Kelly Loeffler owns the Atlanta Dream. She is also a racist who was appointed to the United States Senate by Georgia Governor Brian Kemp, replacing retiring Senator Johnny Isakson.
When the Wubble was established in the summer, the WNBA and their players continued to do what they have been doing for years. They put a great product on the court, and they fought for equality. So when peaceful protests swept the nation following needless killing of a black American after needless killing of a black American, these bad ass women did their part.
As has been the focus of debate for years, players kneeled during the anthem. And nobody came out against them harder than racist Dream owner Kelly Loeffler. So what did they do?
These women continued to stand up for what they believe in.
They continued to kneel, and endorsed their owner’s opponent, Reverend Raphael Warnock. When they did this, Warnock was polling just under 10%. And, I’ll admit, I had no idea who he was.
But after continuing to raise awareness, Reverend Warnock started to rise in the polls.

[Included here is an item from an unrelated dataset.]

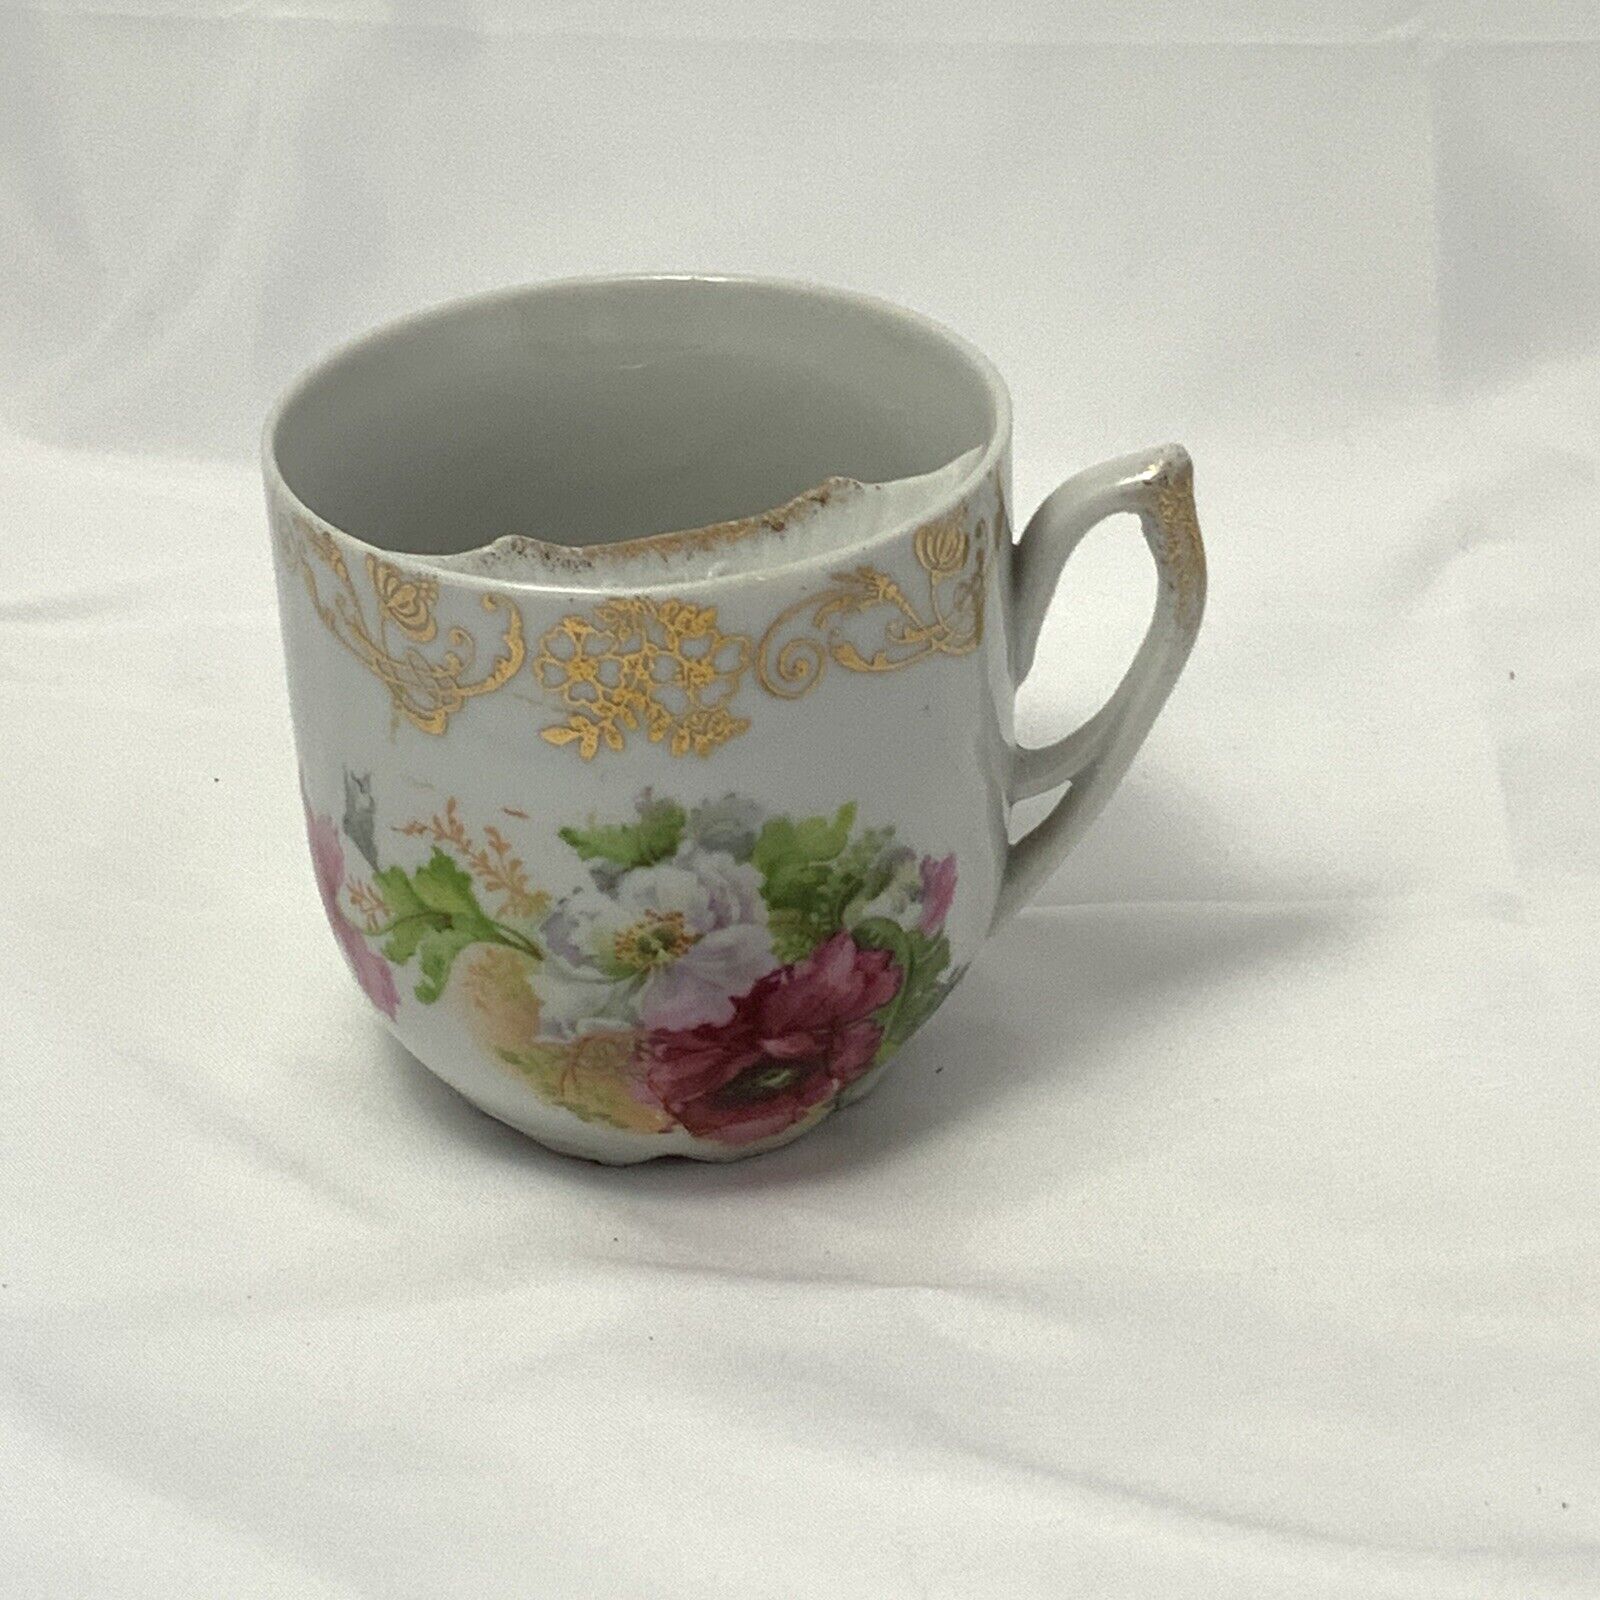 Vintage Porcelain Mustache Cup mug Roses pink white flowers gold rim scroll

And, in November, he pushed the Senate race to a runoff. Late last night, the race was called in favor of Warnock, ousting she-who-campaigned-with-a-Klansman after just a year in her seat.
The Atlanta Dream, and the WNBA as a whole, took part in elevating a movement to a national stage. They have been able to affect positive, necessary change within this country.

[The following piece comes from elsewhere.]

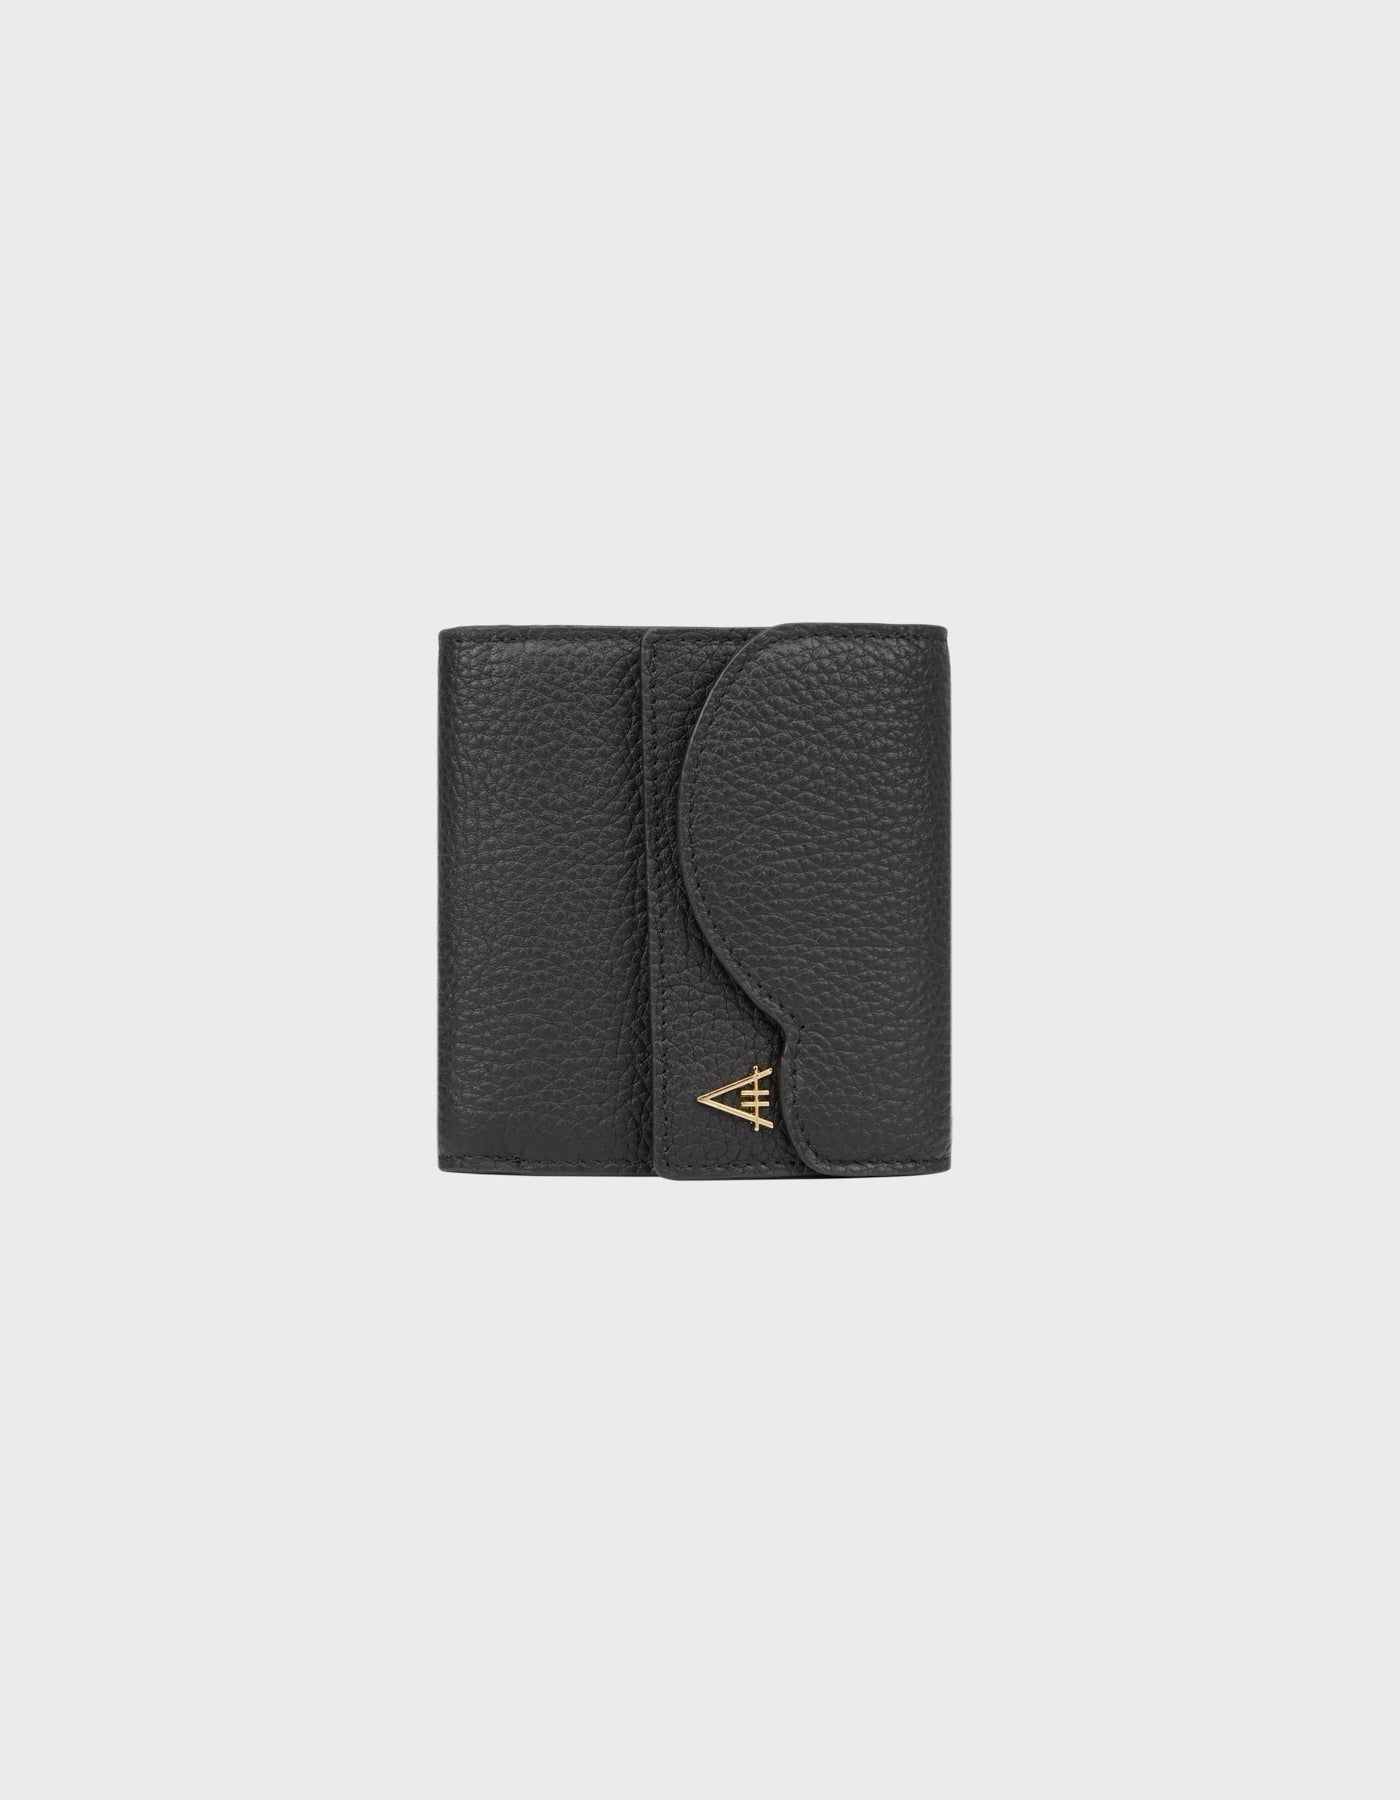 HiVa Atelier - Larus Compact Wallet Black

Stacey Abrams has been a fighter. She started a grassroots revolution that has flipped a former Confederate state, which only two decades ago ousted a Democrat for supporting the removal of the Confederate flag, blue. The women of the WNBA have played a huge part in that. And, thanks to their work, a black man is heading to the United States Senate to represent the state of Georgia for the first time.
It’s long past time for us to recognize the work that women do in society. And even longer that we recognize the work of black women. Because let’s face it, they have fought for and saved our democracy.